A Microsoft lançou recentemente um novo programa chamado "Windows Insider Panel" (Windows Experience Research Group) de maneira discreta, convidando alguns usuários ativos do Windows Insider a participar diretamente da pesquisa de experiência do usuário (UX) da equipe de experiência do Windows e do dispositivo para obter feedback de primeira linha e ajudar a ajustar e reparar a interface e o design de interação do Windows 11, que tem sido amplamente criticado como "confuso e inconsistente".

De acordo com o conteúdo de um e-mail direcionado enviado pela Microsoft a alguns usuários do Insider, os convidados podem ingressar em um grupo dedicado de pesquisa de UX e participar de uma série de pesquisas e testes relacionados à experiência futura do Windows. A Microsoft enfatizou no e-mail que esses estudos “ajudarão a moldar o futuro do Windows”. Após clicar no link do e-mail, o usuário irá para a plataforma terceirizada "Entrevistas com Usuários" para preencher o questionário. Primeiro, eles precisam verificar o tipo de dispositivo que utilizam principalmente. As opções abrangem desktops e laptops Windows, notebooks Apple, iPads, Chromebooks, dispositivos Linux, iPhones e telefones Android, etc. Essa faixa obviamente excede a plataforma Windows tradicional.

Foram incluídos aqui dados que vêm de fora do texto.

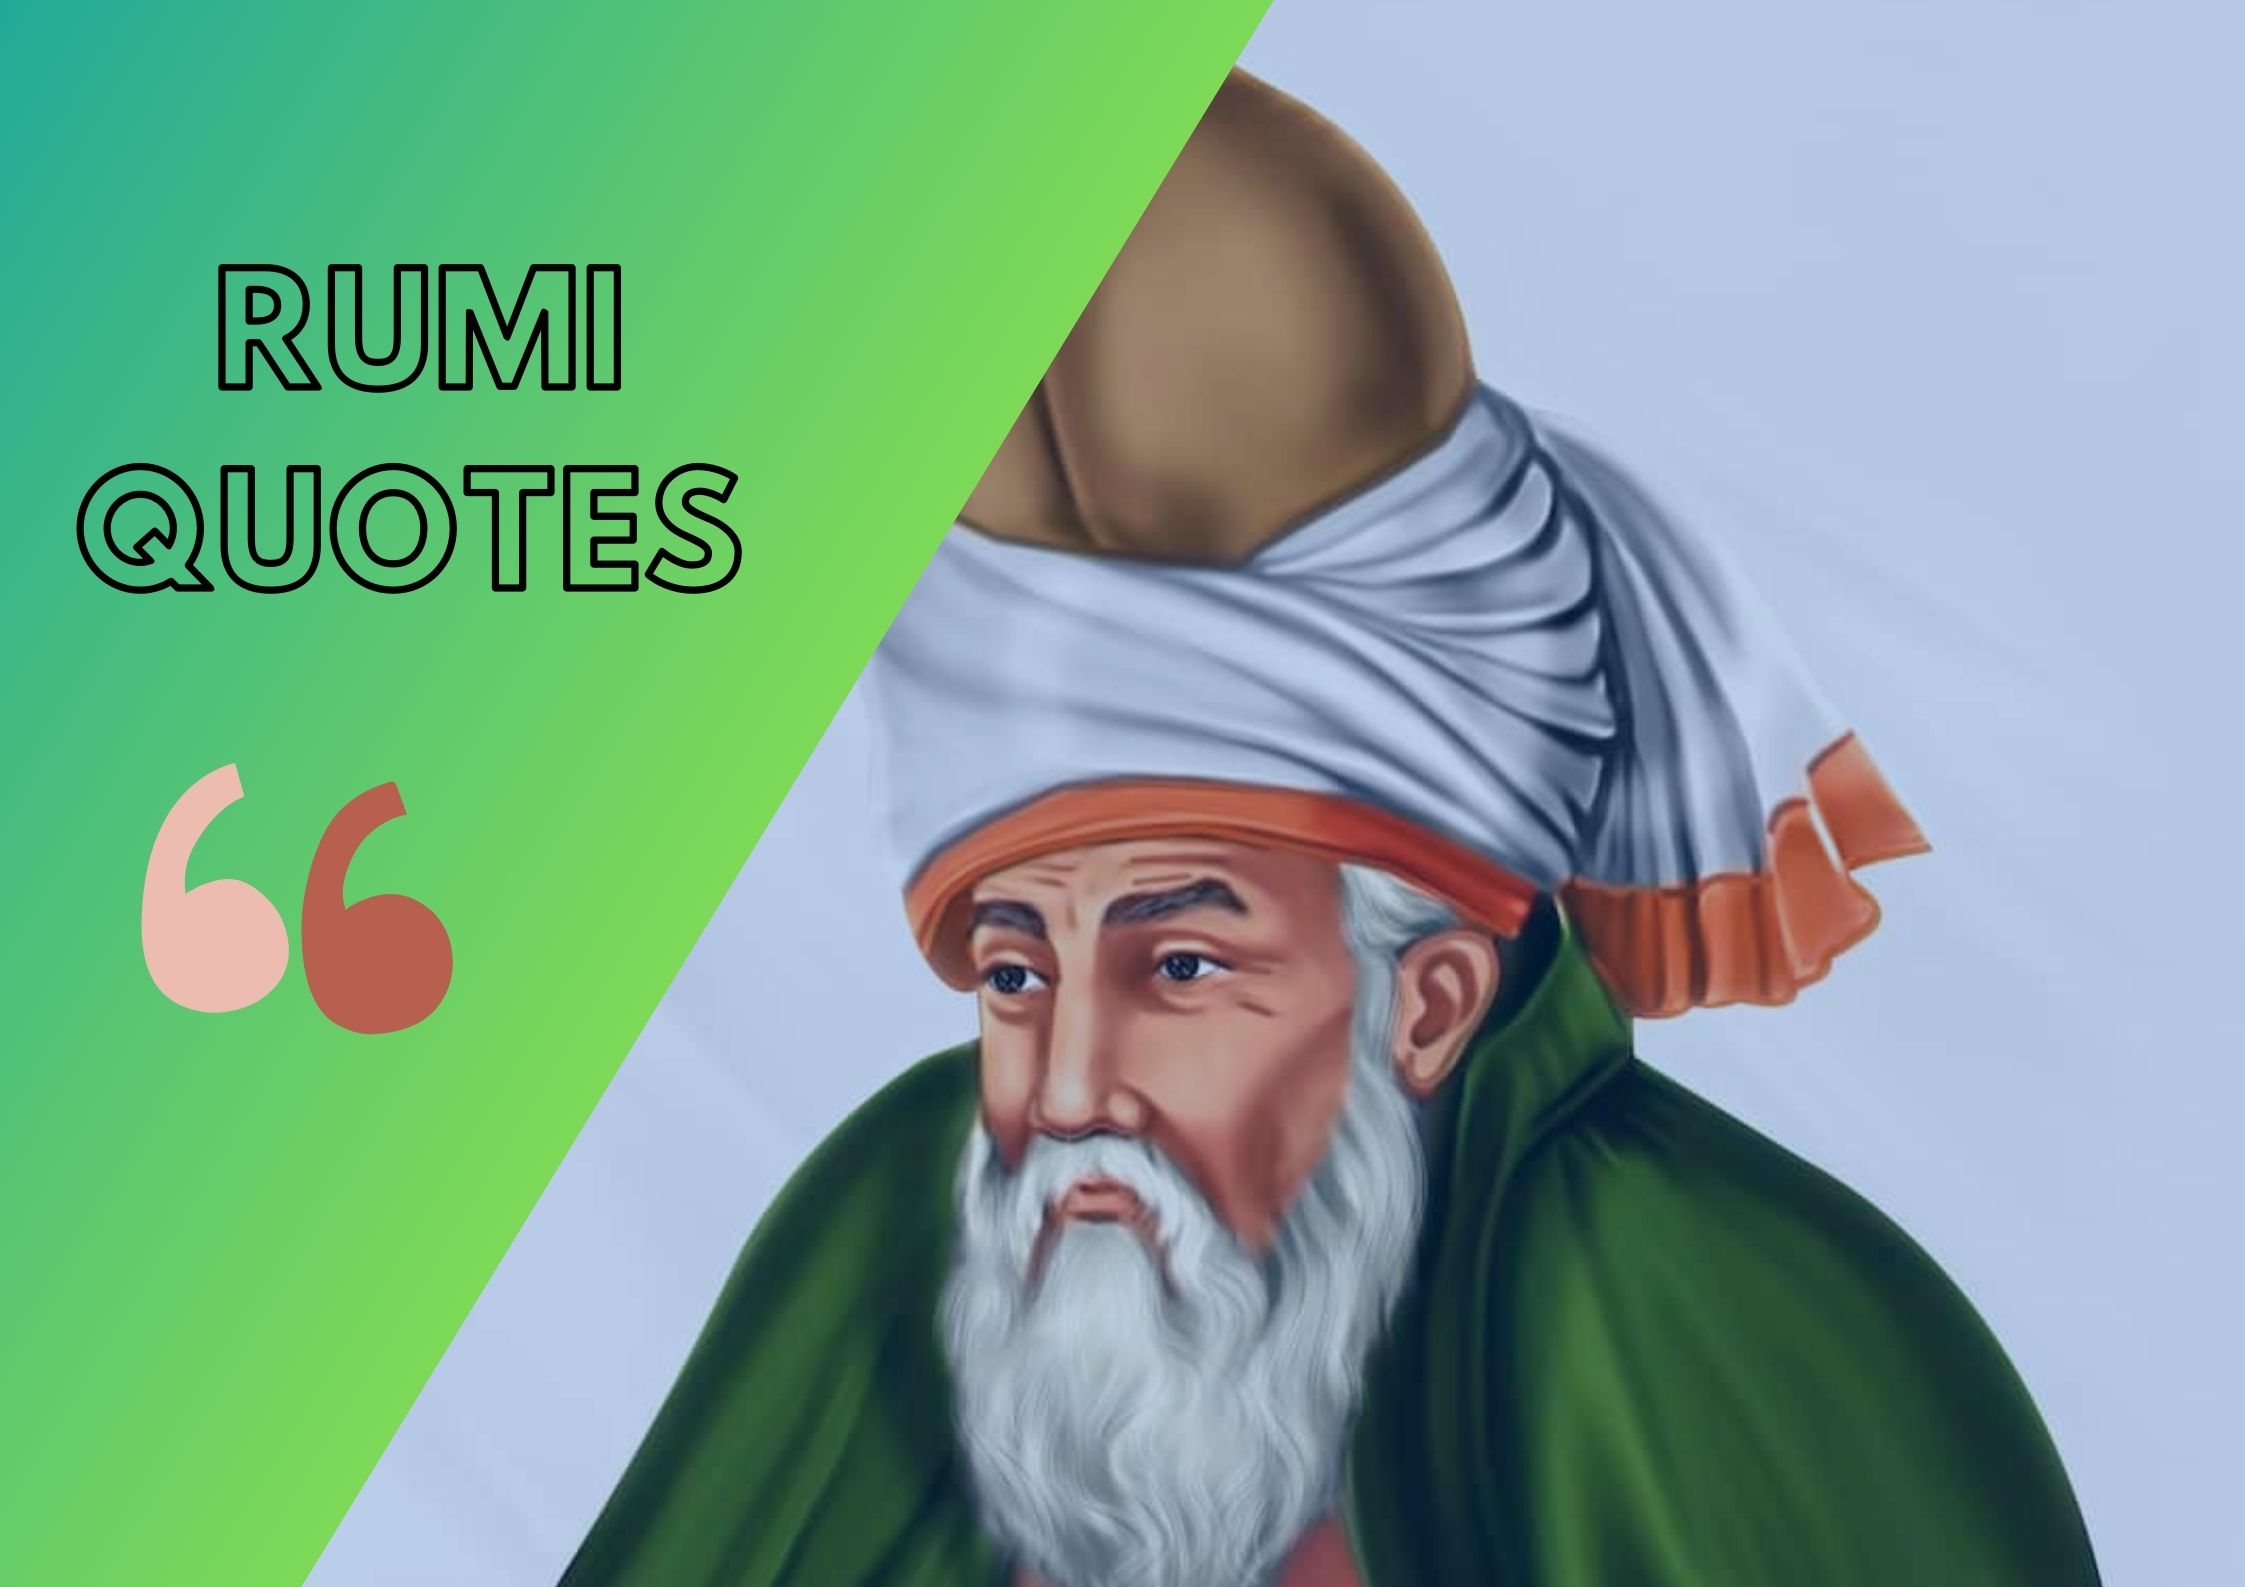 100+ Rumi Quotes to inspire you on the path of life

Posteriormente, o questionário perguntará sobre os tipos de tarefas que os usuários realizam frequentemente no computador todas as semanas, como produtividade de escritório, desenvolvimento de software, suporte de TI, trabalho criativo e jogos pesados para PC. O questionário também lista um item separado para confirmar se o usuário realiza desenvolvimento de software, site ou aplicativo semanalmente. As próximas questões giram em torno da participação dos usuários no projeto Windows Insider, incluindo o canal atual (atualmente principalmente os canais "experimentais" e de "teste") e os canais onde costumam fornecer feedback e discutir questões de uso do Windows e opiniões de experiência. No final do questionário estão informações demográficas comuns, incluindo género, situação profissional actual, etc., que são utilizadas para enriquecer o retrato da amostra do inquérito.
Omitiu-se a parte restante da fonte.